The majority of the study described and discussed within this volume concerns the experience of first year science undergraduates in the fields of biology, chemistry, physics and statistics, and the consideration of a role for field-specific language competence in performance for the first contact of students with tertiary science education. The studies conducted identified language difficulties and then set about addressing such difficulties via particular teaching and learning interventions focused on language. The importance of language to science education has been discussed and studied previously (Wellington & Osborne, 2001). One earlier study suggested that first year university biology students encounter more new words than their counterparts studying foreign languages in their first year (Yager, 1983; Wandersee, 1988). Given this evidence, the centrality of language to successful science learning has not been generally embraced, and is at best an auxiliary issue.

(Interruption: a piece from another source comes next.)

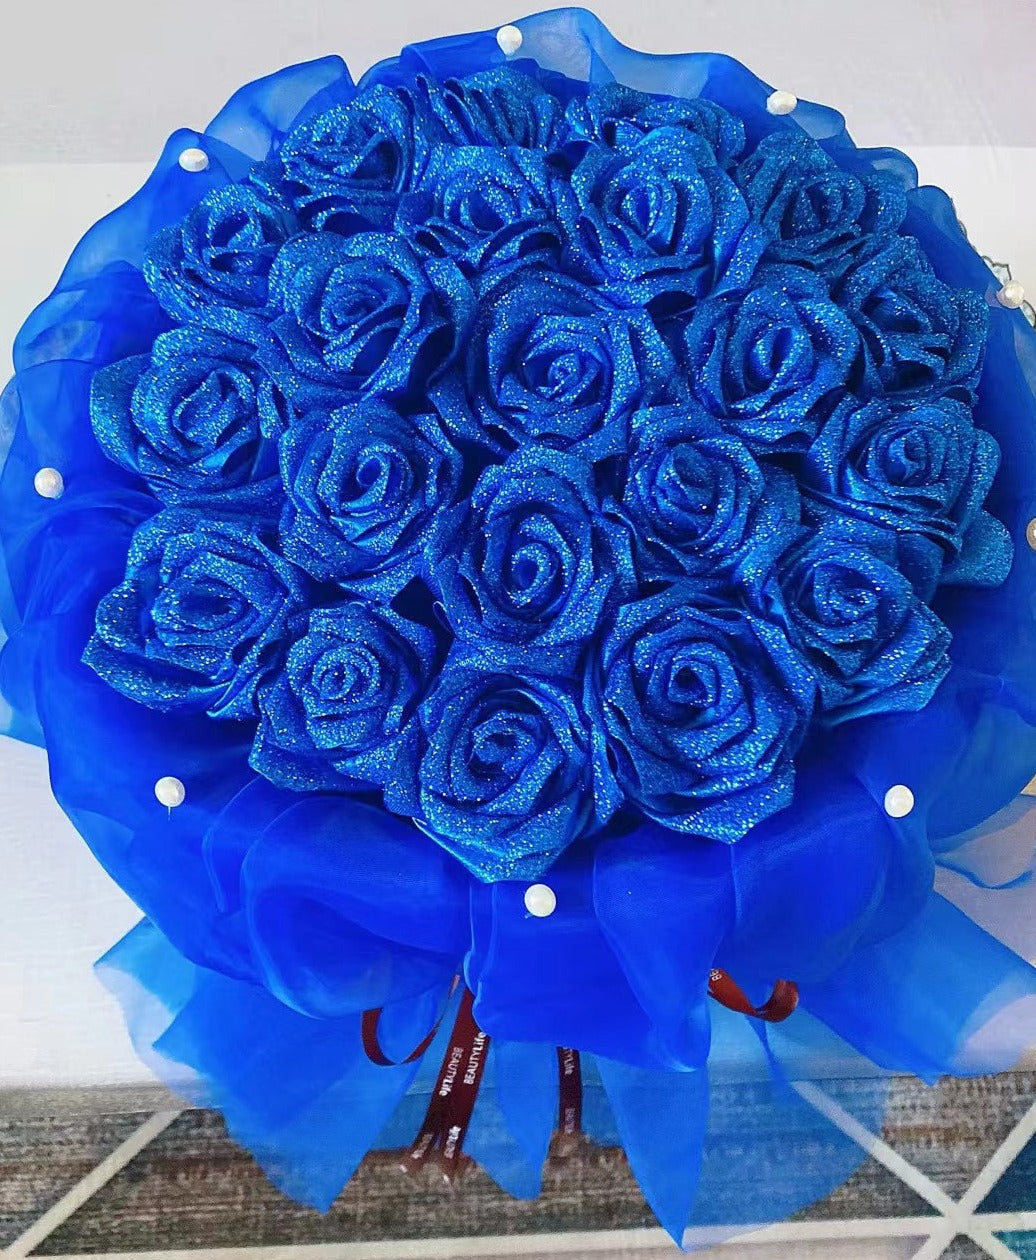 Handmade diy custom ribbon rose flower 33pcs finish products for birthday girlfriend gift

This chapter examines the role of language in learning in the advanced undergraduate subject of Genetics (with some reference also to the associated but separate subject Molecular Biology). The students involved in these studies were experienced university students with at least a year of tertiary level study when they entered Genetics. Also different to the other studies contained here, language support had been introduced three years earlier than for first year biology, chemistry and physics, and as such was a standard aspect of teaching once the formal study began (Zhang & Lidbury, 2006). This chapter describes the language interventions used in teaching genetics, the results of language comprehension (and confidence) testing using everyday words that also have usage in science (the same analysis as for first year biology, chemistry and physics, described in other chapters) and a statistical analysis of student data to reveal which learning factors, including language, are associated with student performance in undergraduate Genetics.